In the past, I used Evernote just like I used my browser's bookmark manager. That is, by saving a bookmark into Evernote, sticking it into one of my hundred notebooks, and forgetting about it forever.

Then I discovered tags, and it changed everything. I nuked my clumsy notebook structure, recreated it in tags, and am living with Evernote happily ever after.

Today, I exclusively use Web Clipper to save stuff from the internet:

  • I capture blog posts and articles I've read or plan to read.
  • I save the newsletters that I find interesting.
  • And generally, I save everything I think I might need in the future.

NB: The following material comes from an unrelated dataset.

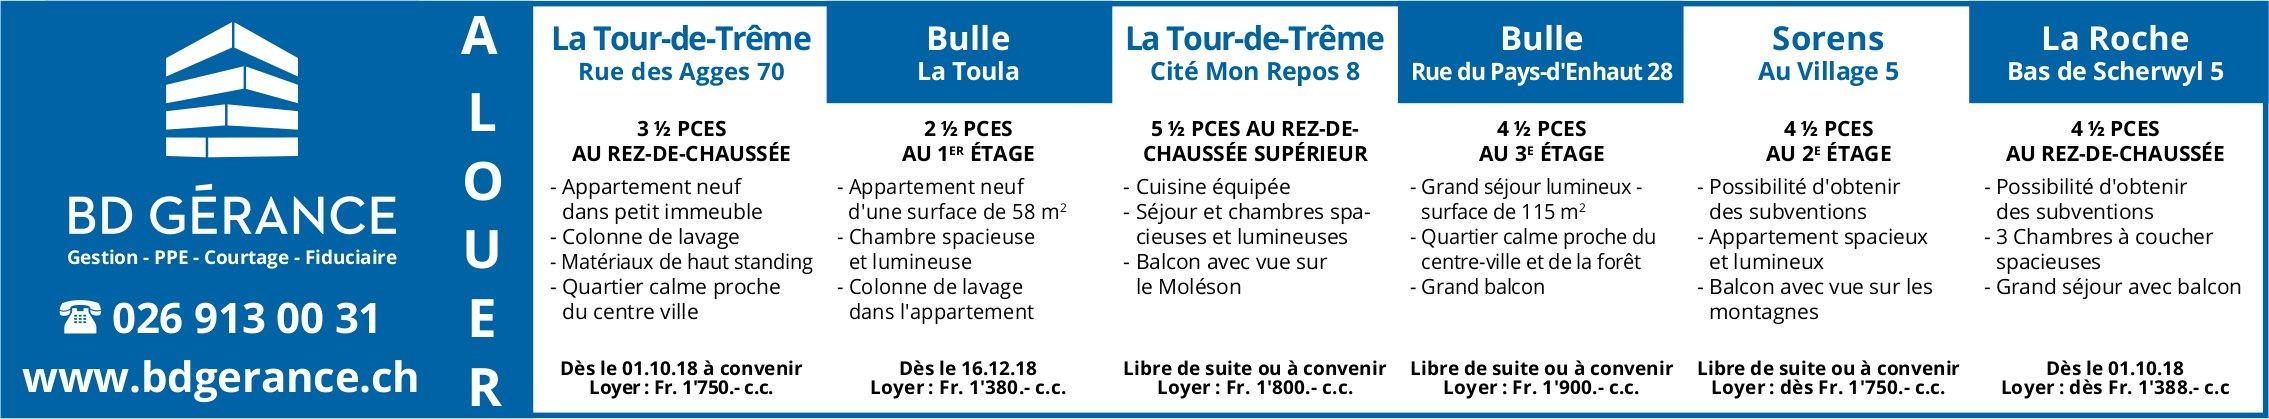 Appartements, 2.5 à 4.5 pièces, La Tour-de-Trême- Bulle, à louer

Whenever possible, I read and highlight this stuff directly in Evernote. The next time I'm working on a project of any kind, it's easy to pull up all of my highlighted articles related to the topic.

Eventually, I started taking notes from the books I was reading or listening. I've been struggling with not retaining information from audiobooks for a long time. Just like I hated forgetting my life and my thoughts, I also hated forgetting the great ideas I've been picking up from books.

A few months ago, I've finally discovered a solution that works for me: taking notes using an iPad. It completely changed the way I read. If you're curious, I'm telling that story in a lot more detail in my article on note-taking and audiobooks.

Just like the diary transformed the way I think and remember, my notes transformed the way I work with information.

And one more thing

So that's why I keep a diary and take notes.

These simple acts completely transformed my life, and I truly believe everyone can benefit from doing these things to some extent.

But it's not a silver bullet. It would be nonsense to say that journaling and note-taking "cured my depression", or whatever. We're all different and unique.

Just like everything else, these things are tools. And it's up to you to decide which tools work best for you, and whether or not you need any tools at all.

What I'm saying is, keep your toolbox up to date, organized, and at hand.